Raw data:
=====

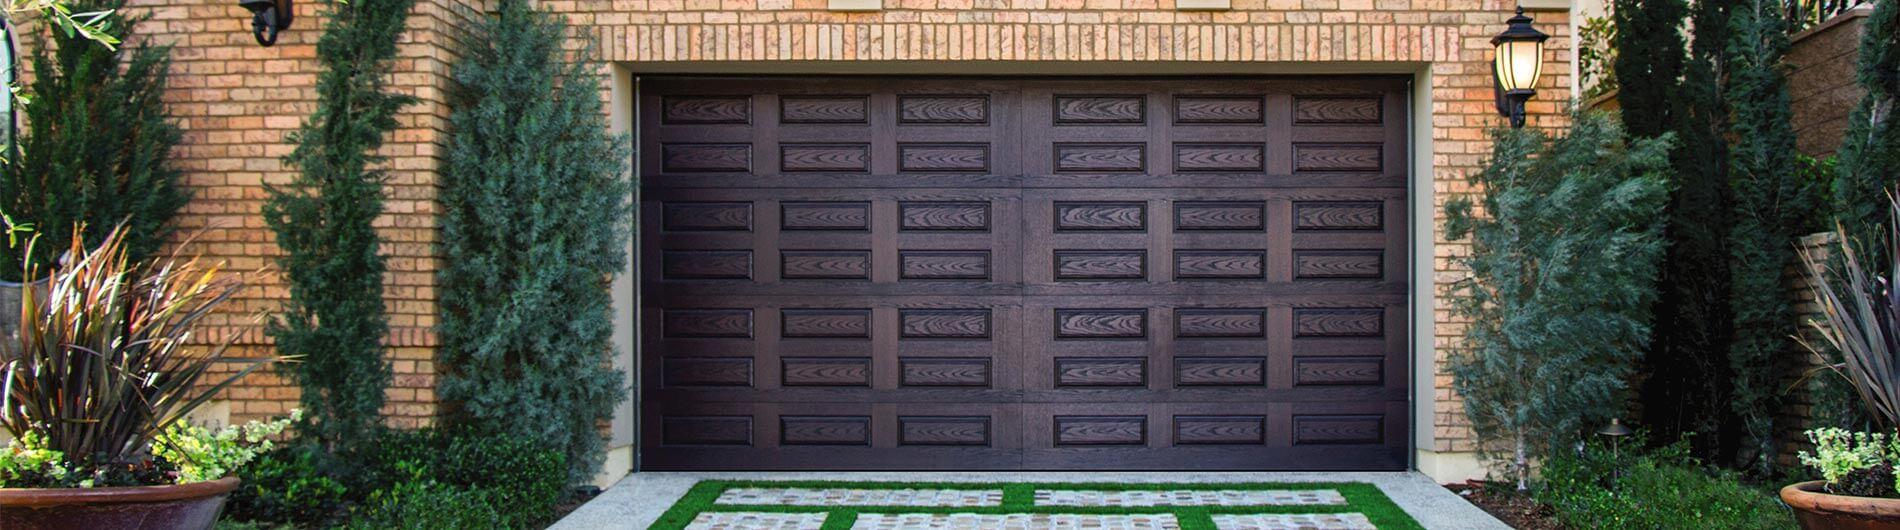 JOHN DALTON GARAGE DOORS REVIEW. FIBER GLASS DOORS
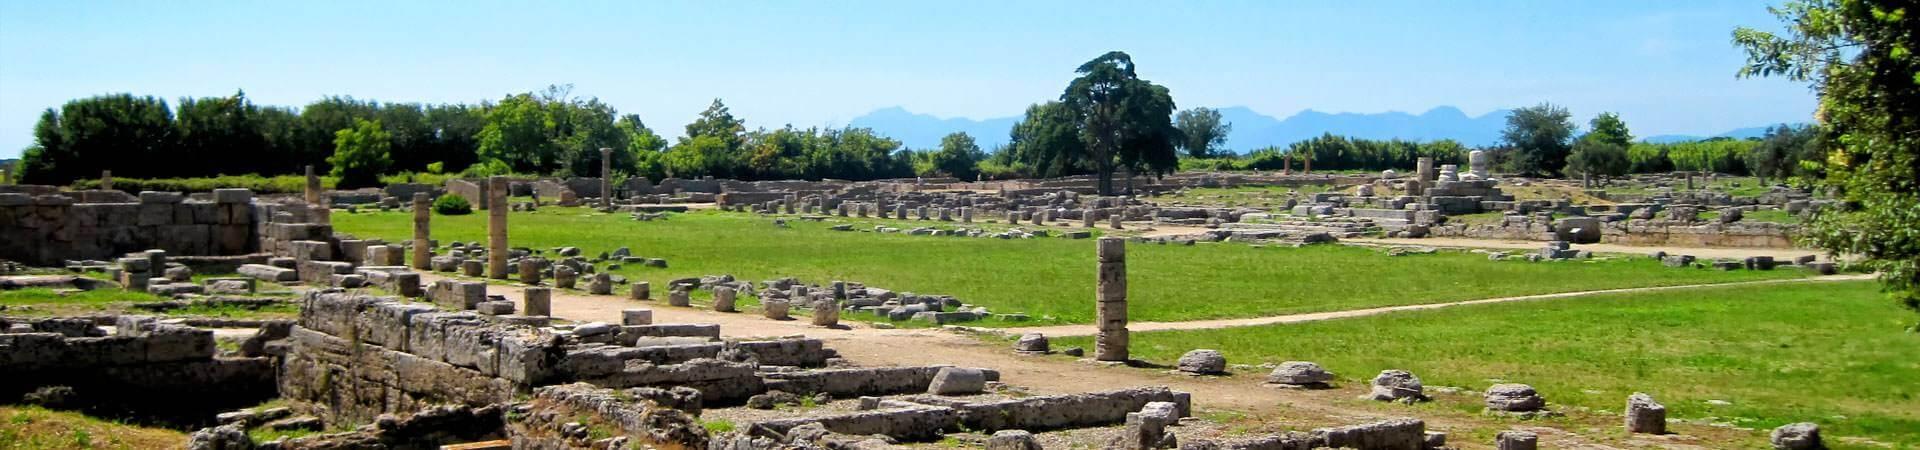 paestum_zona_archeologica
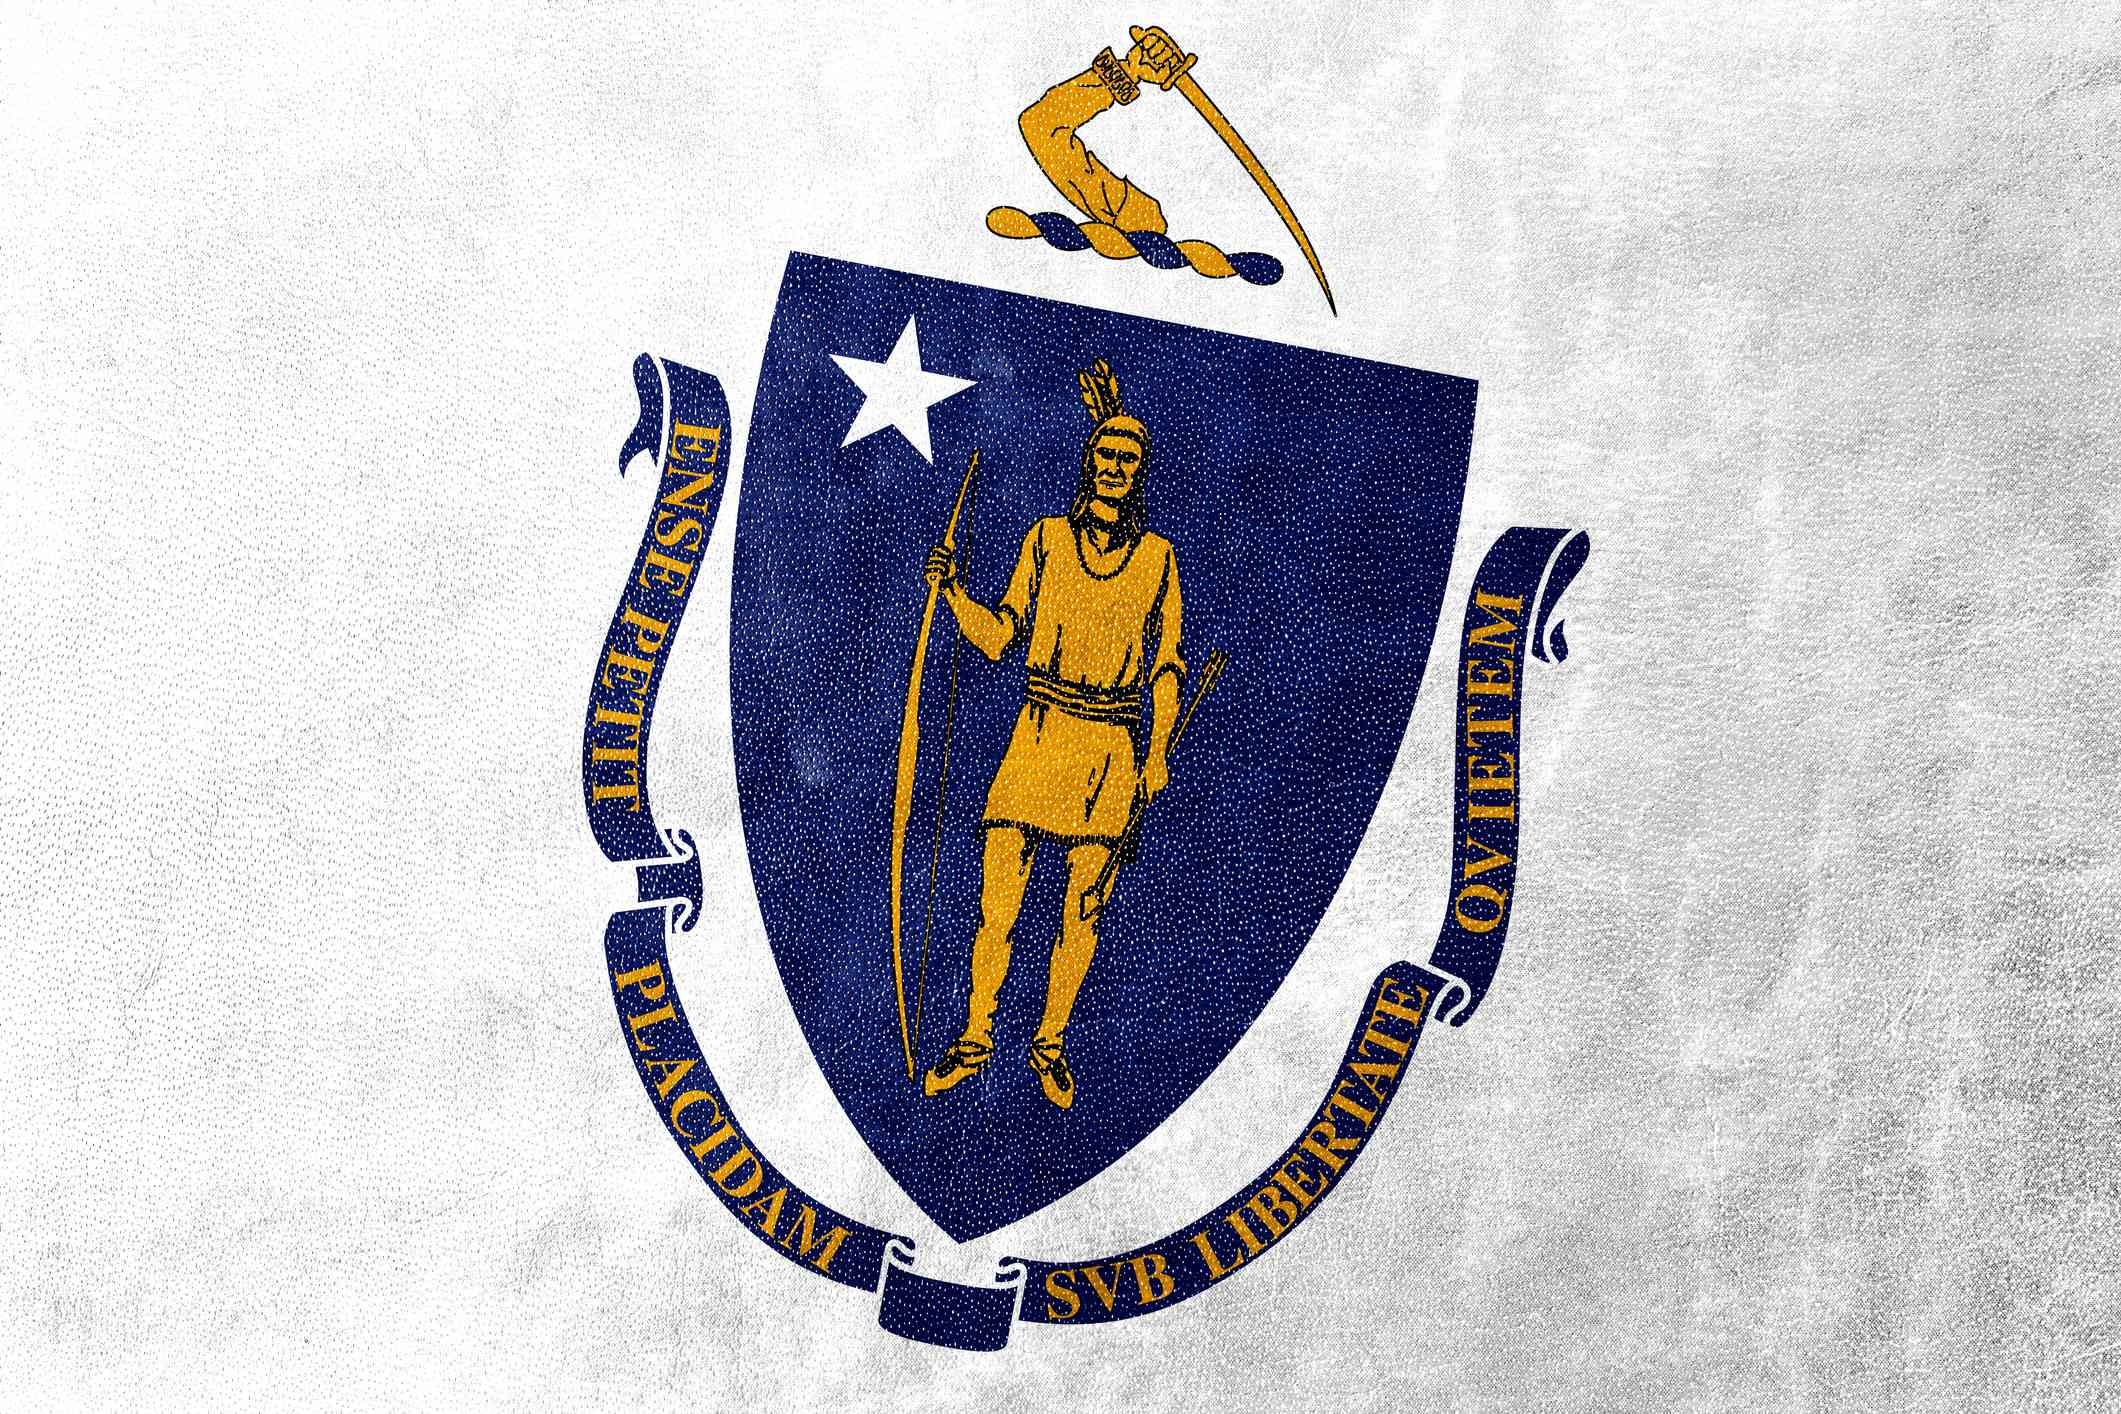 Massachusetts State Flag painted on leather texture
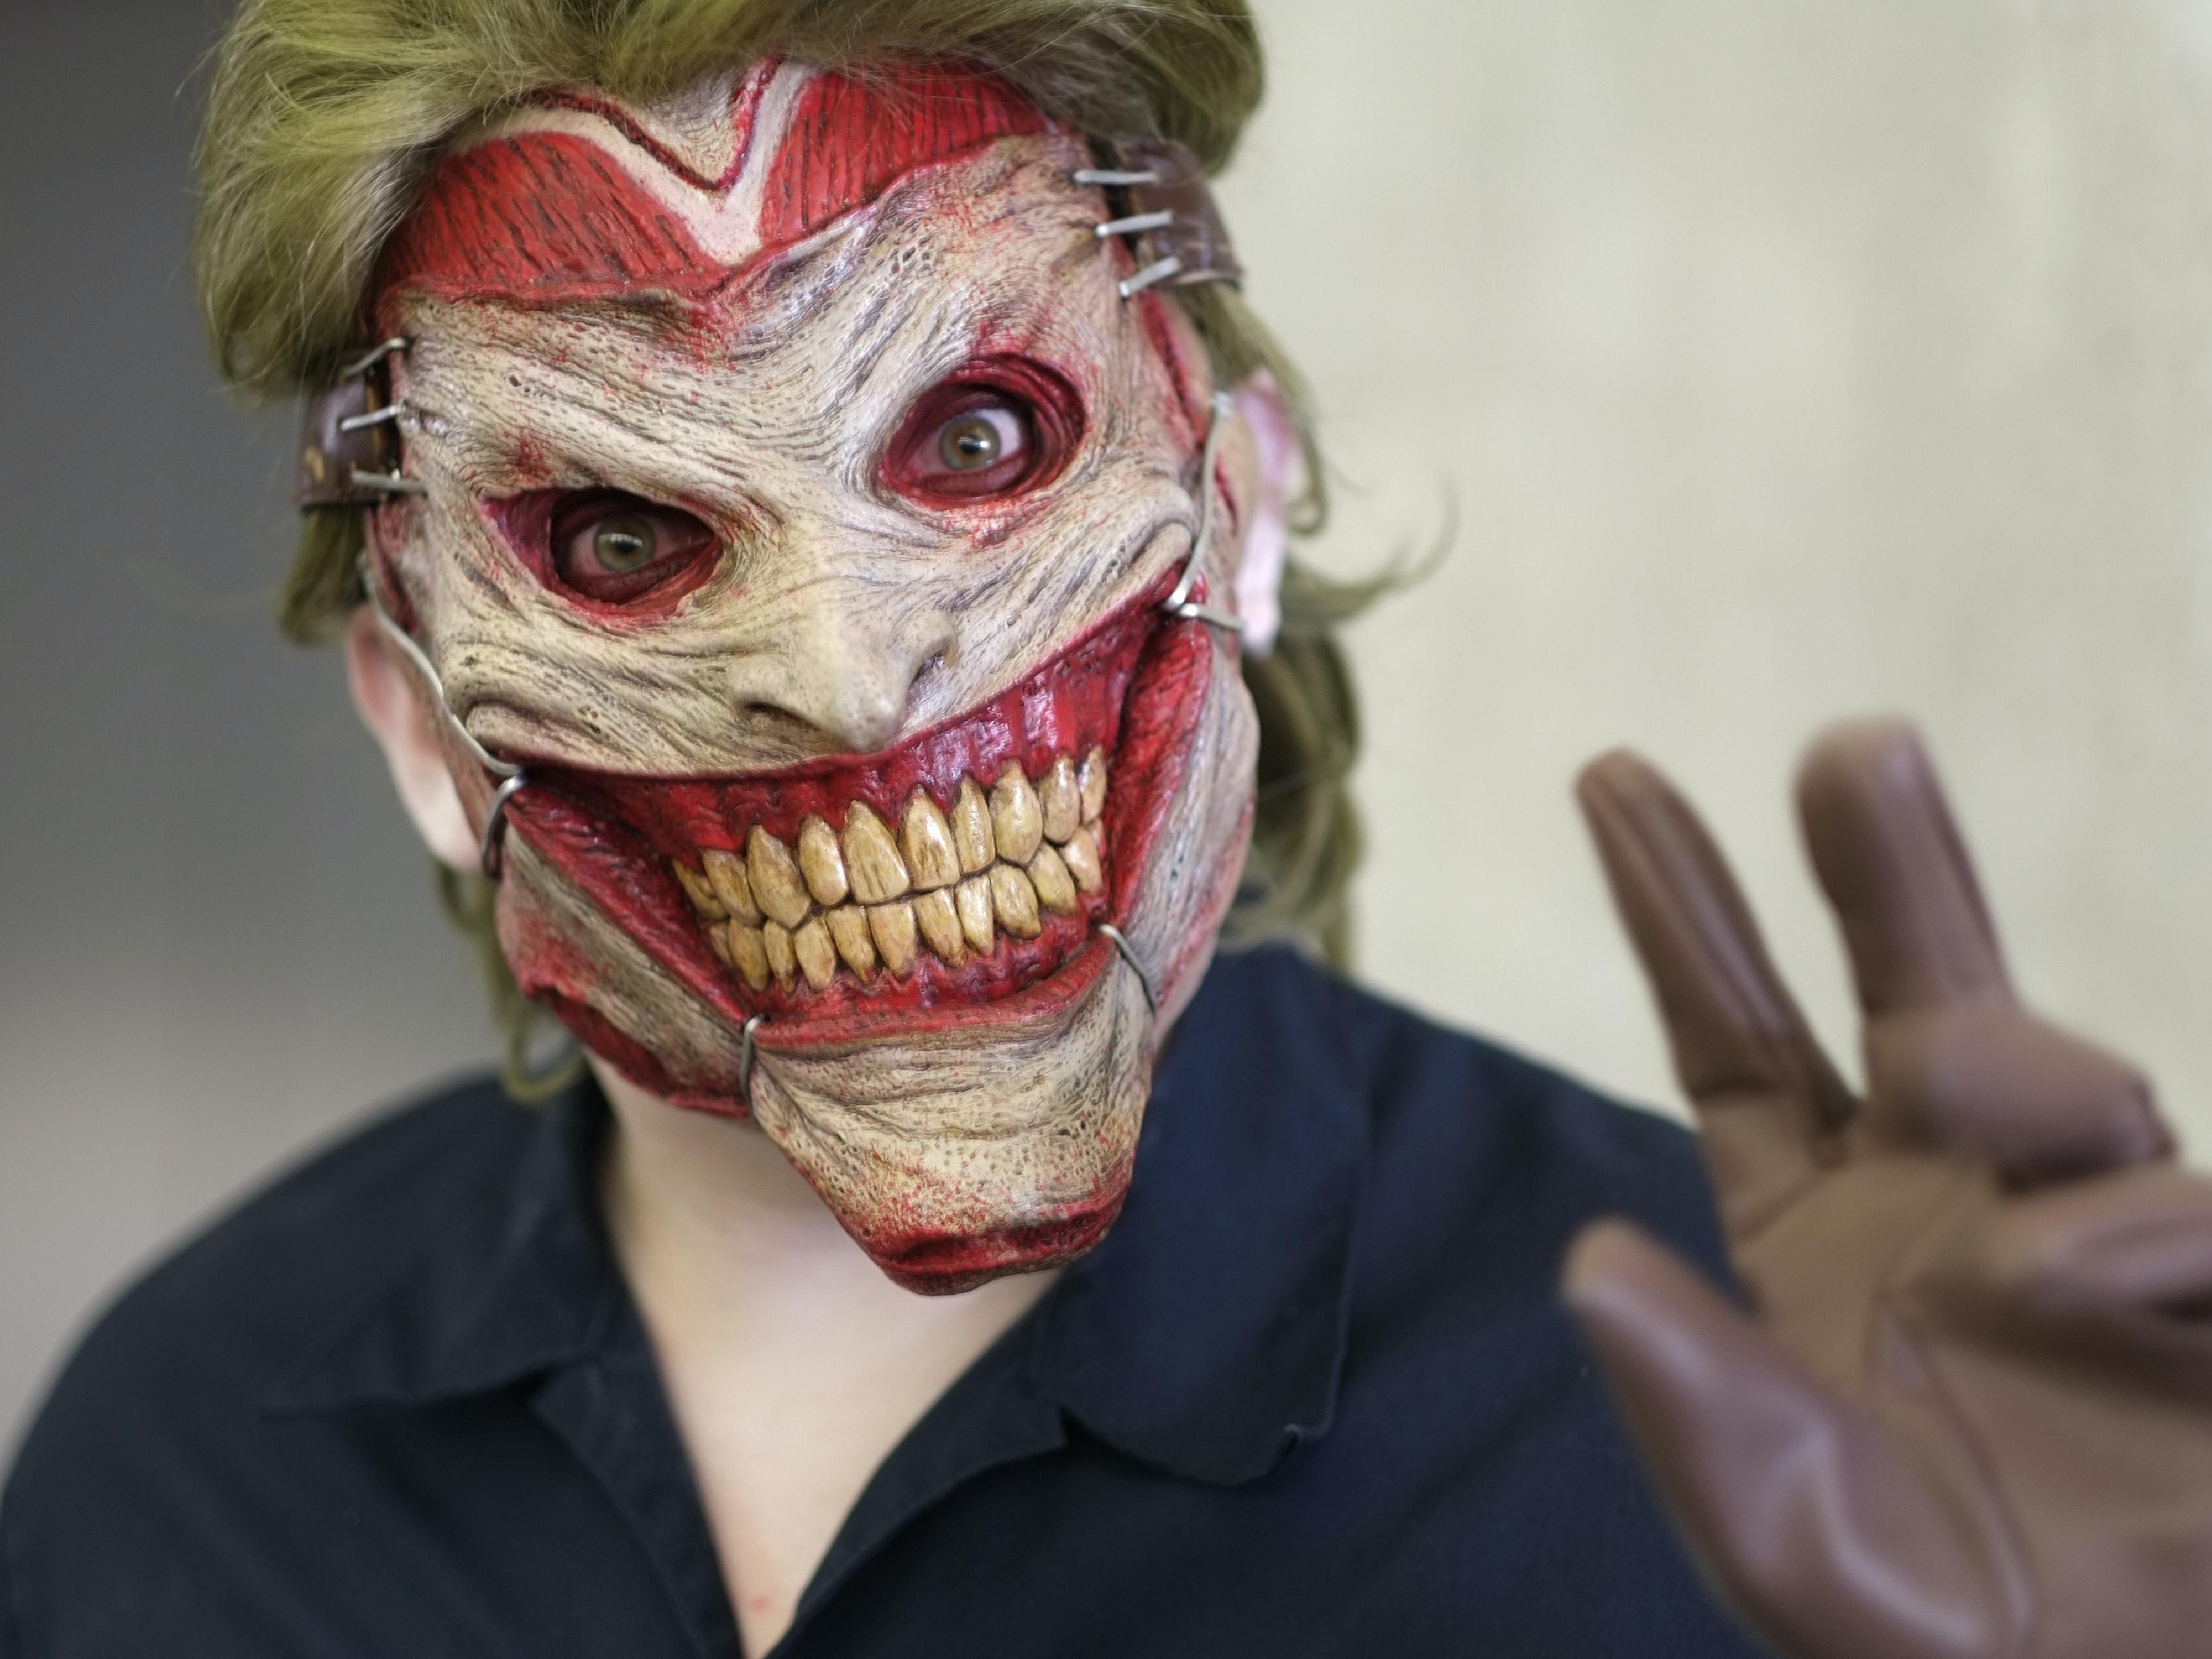 8 'Batman' Halloween Costume Ideas That Aren't Joker and Harley

=====

Exercise instructions: Write out the whole listing exactly, with no pictures.

Task output:
 JOHN DALTON GARAGE DOORS REVIEW. FIBER GLASS DOORS
 paestum_zona_archeologica
 Massachusetts State Flag painted on leather texture
 8 'Batman' Halloween Costume Ideas That Aren't Joker and Harley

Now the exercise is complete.